7 C. Pembatasan Masalah 1. Penelitian ini merupakan penelitian R&D yang dibatasi hingga tahap uji coba terbatas. 2. Indikator keterampilan berpikir kritis yang diukur adalah mempertimbangkan apakah sumber dapat dipercaya atau tidak, mengobservasi dan mempertimbangkan laporan observasi serta membuat dan menentukan hasil pertimbangan. 3. Kategori perubahan konseptual terdiri dari empat kategori yaitu identical fit, approximate fit, incomplete fit dan no conception. D. Tujuan Penelitian Secara umum penelitian ini bertujuan untuk menghasilkan model pembelajaran konflik kognitif yang dapat memfasilitasi perubahan konseptual dan peningkatan keterampilan berpikir kritis siswa pada materi termokimia. Bedasarkan tujuan umum tersebut, maka tujuan khusus penelitian ini adalah sebagai berikut: 1. Menemukan model pembelajaran yang dapat memfasilitasi perubahan konseptual dan keterampilan berpikir kritis siswa pada materi termokimia. 2. Meningkatkan kategori perubahan konseptual dan keterampilan berpikir kritis siswa pada materi termokimia. E. Manfaat Penelitian

8 Penelitian ini dilakukan dengan harapan dapat memberikan manfaat. Adapun manfaat yang diharapkan adalah sebagai berikut: 1. Bagi peneliti: a. Hasil penelitian ini diharapkan dapat menjadi bahan rujukan dan inovasi pengembangan bagi penelitian lain yang relevan. b. Dapat digunakan sebagai bahan informasi dan referensi untuk memfasilitasi perubahan konseptual dan peningkatan keterampilan berpikir kritis siswa pada materi termokimia. 2. Bagi siswa: a. Membantu siswa dalam meningkatkan pemahaman konsep termokimia secara benar. b. Menciptakan suasana belajar yang menyenangkan sehingga dapat meningkatkan hasil belajar siswa. 3. Bagi guru: a. Dapat digunakan sebagai bahan kajian untuk memfasilitasi perubahan konseptual dan peningkatan keterampilan berpikir kritis siswa ketika melaksanakan pembelajaran. b. Membantu guru dalam merancang pembelajaran dengan materi yang minim akan miskonsepsi. F. Penjelasan Istilah

9 Agar tidak terjadi kesalahpahaman dalam beberapa istilah yang digunakan dalam penelitian ini, maka peneliti akan menjelaskan beberapa istilah yang digunakan, diantaranya: 1. Model pembelajaran konflik kognitif adalah model pembelajaran yang mengakomodasi terjadinya strategi konflik kognitif.

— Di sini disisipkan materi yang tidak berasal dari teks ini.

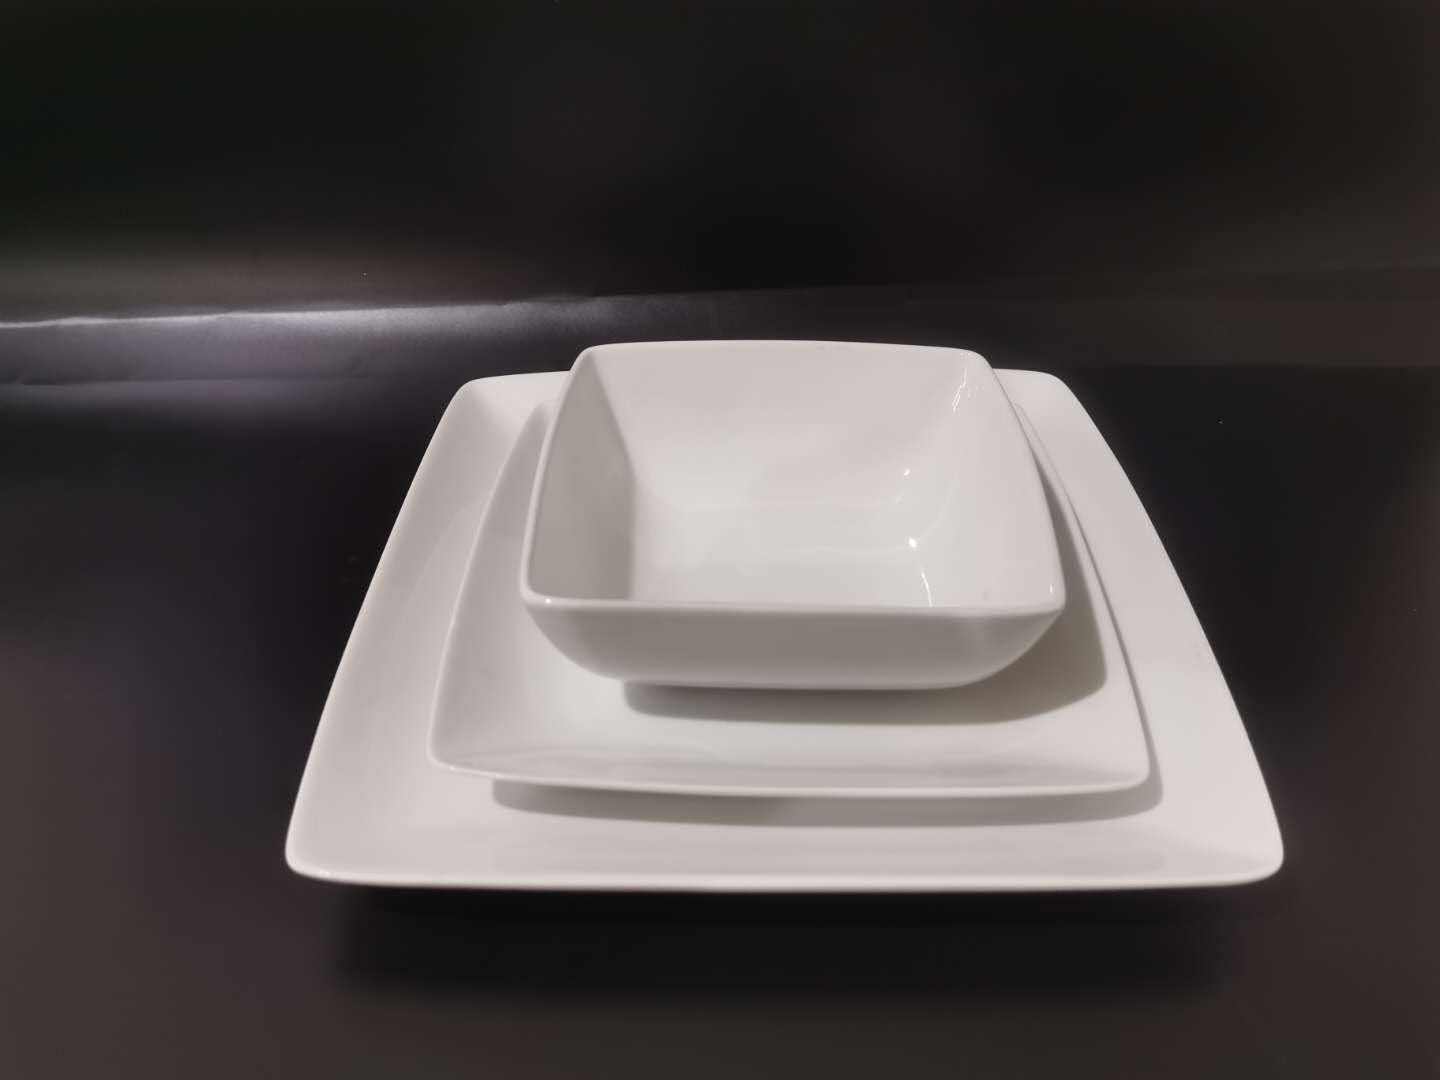 16头方形陶瓷餐具套装   纯白色陶瓷餐具套装  餐具套装详情图2

Strategi konflik kognitif adalah pembelajaran yang mengkomunikasikan dua atau lebih rangsangan berupa sesuatu yang berlawanan atau berbeda kepada peserta didik agar terjadi proses internal yang intensif dalam rangka mencapai keseimbangan ilmu pengetahuan yang lebih tinggi. (Kang et al, 2010) Adapun tahapannya adalah sebagai berikut; (1) fase orientasi siswa terhadap konflik, (2) fase menjawab probing yang tertera pada buku soal, (3) fase penyajian hasil diskusi dan memberikan kesimpulan, dan (4) fase analisis kesimpulan. 2. Perubahan konseptual (conceptual change) adalah proses peninggalan suatu komitmen pada satu rangkaian pemahaman konseptual dengan mengadopsi rangkaian lain yang tidak disatukan kembali (Rolka, 2007). Perubahan konseptual diukur melalui tes essay. 3. Keterampilan berpikir kritis adalah kemampuan berpikir kompleks menggunakan proses berpikir mendasar berupa penalaran logis untuk menentukan apa yang harus diyakini dan dilakukan (Costa,1985). Keterampilan berpikir kritis diukur melalui tes essay.